Foresight’s UK production was well ahead of budget due to strong irradiation over the first half of 2022. Image: Foresight Solar.

Foresight Solar has completed its second acquisition of a standalone battery energy storage asset.

It has acquired a 50% equity stake in Clayfords Energy Storage Limited from Intelligent Land Investment Group, which holds the development rights for a 50MW lithium-ion battery energy storage plant based in Buchan, Aberdeenshire, UK.

JLEN Environmental Assets Group Limited has also acquired a 50% stake in the company. The collaboration on this asset builds on the companies’ previous relationship, with the two contracting Anesco to build and maintain 100MW of battery energy storage for them in October for example.

The site is fully consented and construction-ready, with commercial operations expected to start in Q4 2024. Foresight is expecting to invest up to £14.1 million in the site.

Clayfords Energy Storage follows Foresight Solar’s acquisition of the Sandridge Battery project – also in collaboration with JLEN – in Wiltshire, England in May 2021.

This 50MW lithium-io battery has experienced delays to construction due to a programme delay to the grid connection, as well as increased lead times for battery components. This means it will now likely become operational in 2023 as opposed to Q4 2022 as previously stated.

However, the delay is expected to be offset by the improved market outlook for large-scale battery assets, Foresight Solar noted. This follows June seeing record high prices for Dynamic Containment, helping to significantly boost battery storage revenue, a trend that continued through July with storage achieving £21.5 million in that market service.

The company is continuing to review a pipeline of battery storage projects, as it looks to build out its portfolio and provide support to National Grid allowing a greater level of intermittent renewables on the system.

NAV jumps £40.5 million in Q2 due to high power price forecasts

Foresight has announced the acquisition alongside an update on its net asset value (NAV), which has grown to £754.9 million as of 30 June, up from £714.4 million on 31 March 2022.

This was driven by two key factors, the company said. First, a further upward revision in its power price forecasts. These are based on forecasts from three independent advisors, and resulted in a 3.4p per share uplift for Q2.

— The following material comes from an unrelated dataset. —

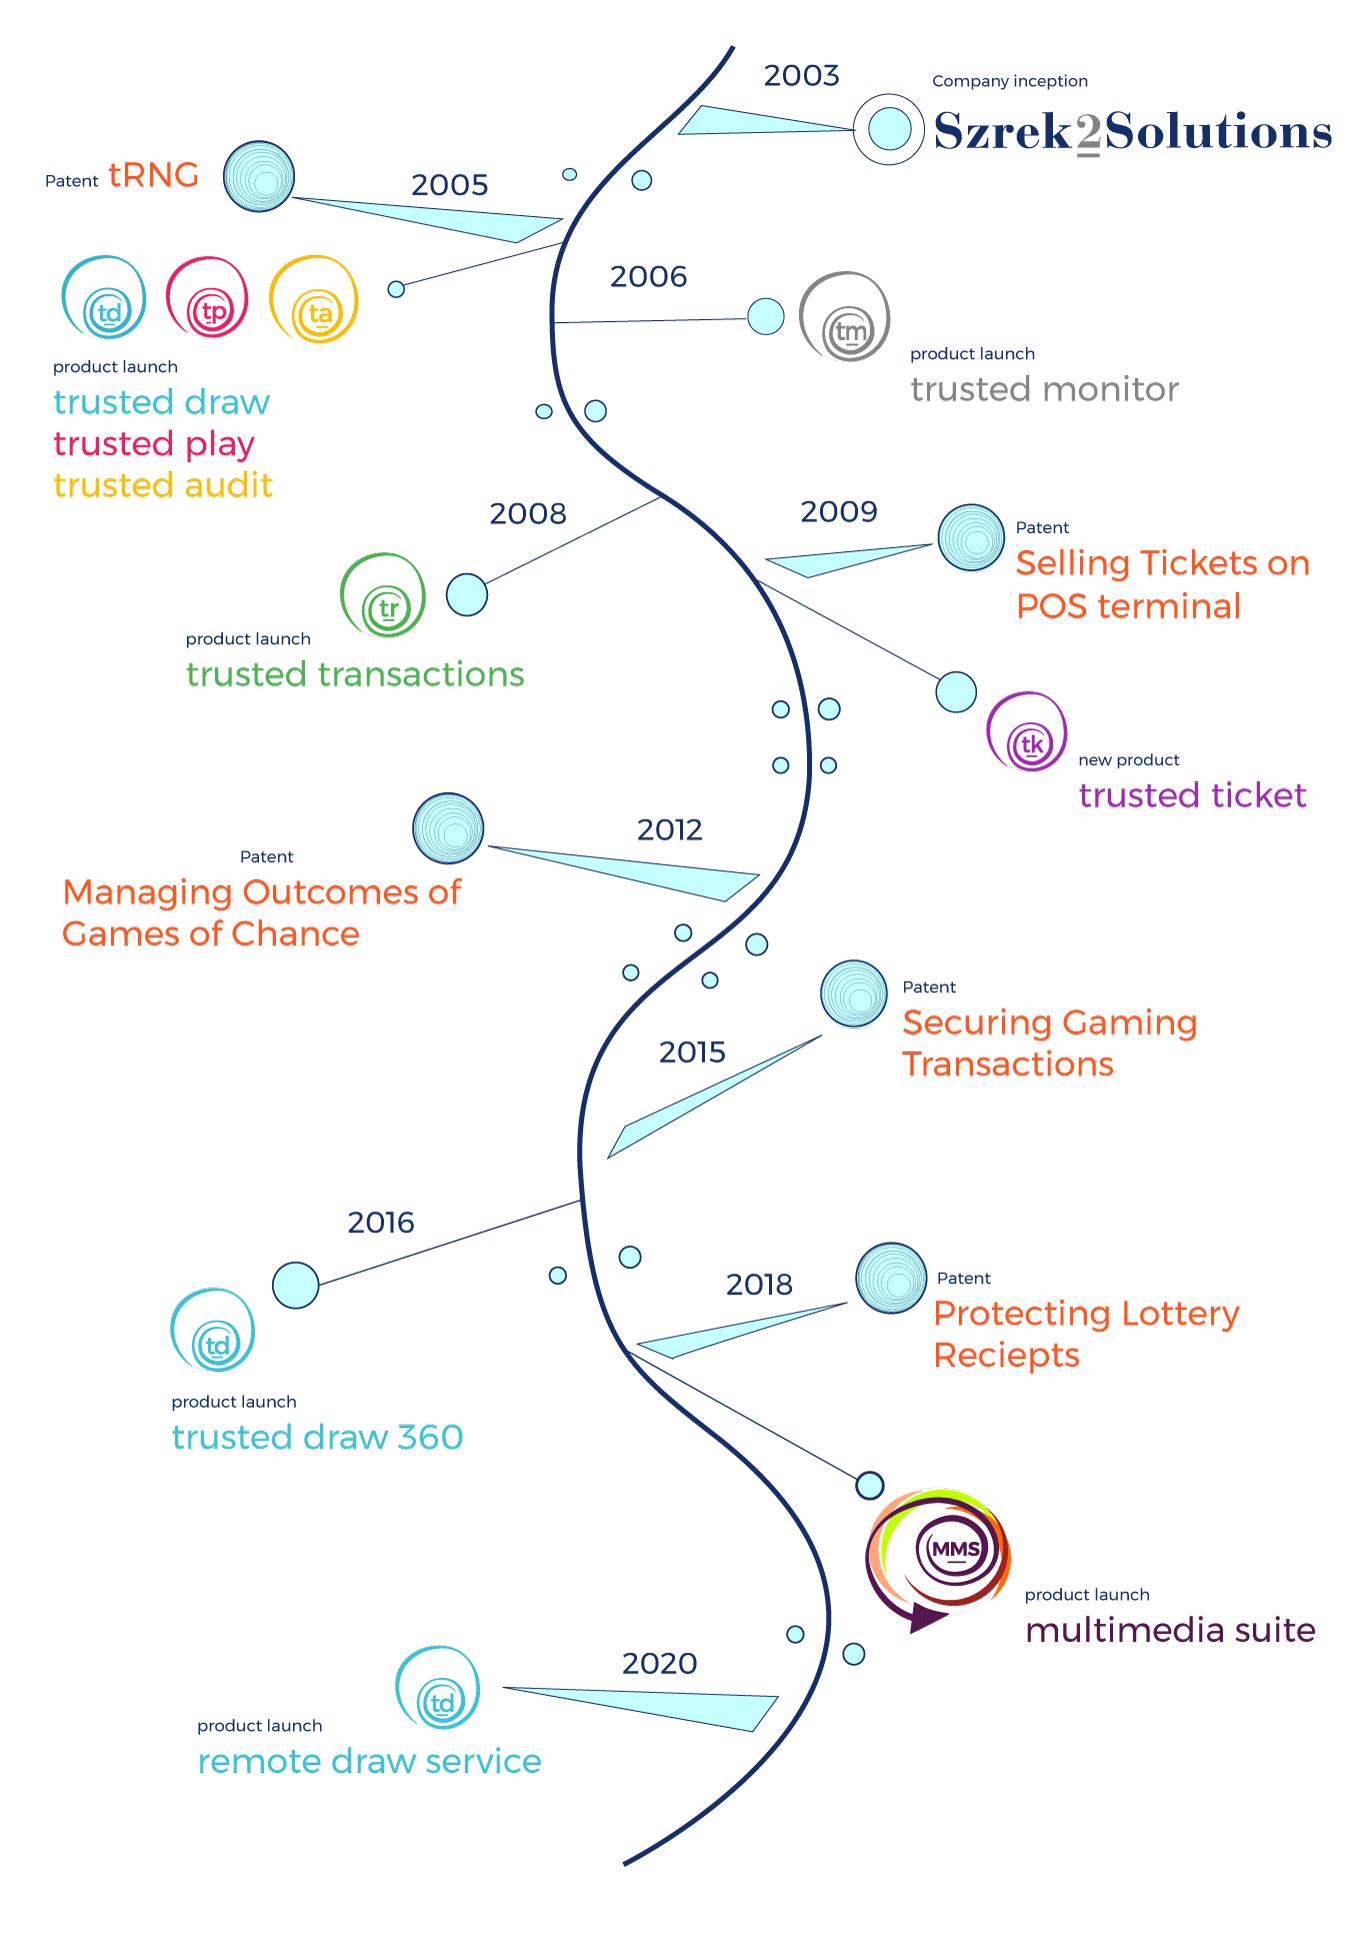 timeline research szrek2solutions

This uplift was slightly offset by an increase in the company’s long-term solar capture price discounts. Along with boosting Q2, the uplift from power price forecasts for H1 also grew to 9.3p per share.

The second key factor was an update to inflation figures from Foresight Solar’s short-term assumption when actual figures were released in May, which equated to a 6% increase for the first five months of 2022 alone.

The forecast for the second half of 2022 however remains unchanged at 5%, and is expected to add a further 3.3p per share to the company’s NAV.

For Q2, Foresight Solar’s NAV per ordinary share grew to 123.8p per share from 117.1p per share during the pervious quarter.

Over the first six-months of 2022, the electricity generated by the company’s portfolio was 2.8% above base case, driven by strong operational performance. Its UK production was well ahead of budget due to strong irradiation.

Total revenues for Q2 2022 were 12% ahead of budget, driving H1 2022 revenues up by 18%. Its consolidated EBITDA was 13% ahead of budget for the quarter, and 26% ahead of budget for H1.

As such, Foresight Solar is forecasting an increased minimum target dividend cover of 1.5x for FY22. Its target annual dividend remains at 7.12p per share for the year ending 31 December 2022, and its first payment of 1.78p per share is scheduled to be paid on 26 August as previously announced.

The company’s gross asset value (GAV) as of 30 June 2022 sat at £1,294.9 million, up from £1,244.2 million as of 31 March 2022. Its outstanding debt sits at approximately £540.0 million, representing 41.7% of GAV.

Looking ahead, Foresight Solar has secured further exclusive positions on ready-to-build battery storage projects totalling approximately 60MW, which it expects to complete in the coming months.

Additionally, it has preferential rights on a further pipeline of over 500MW of UK solar projects once they reach ready-to-build stage.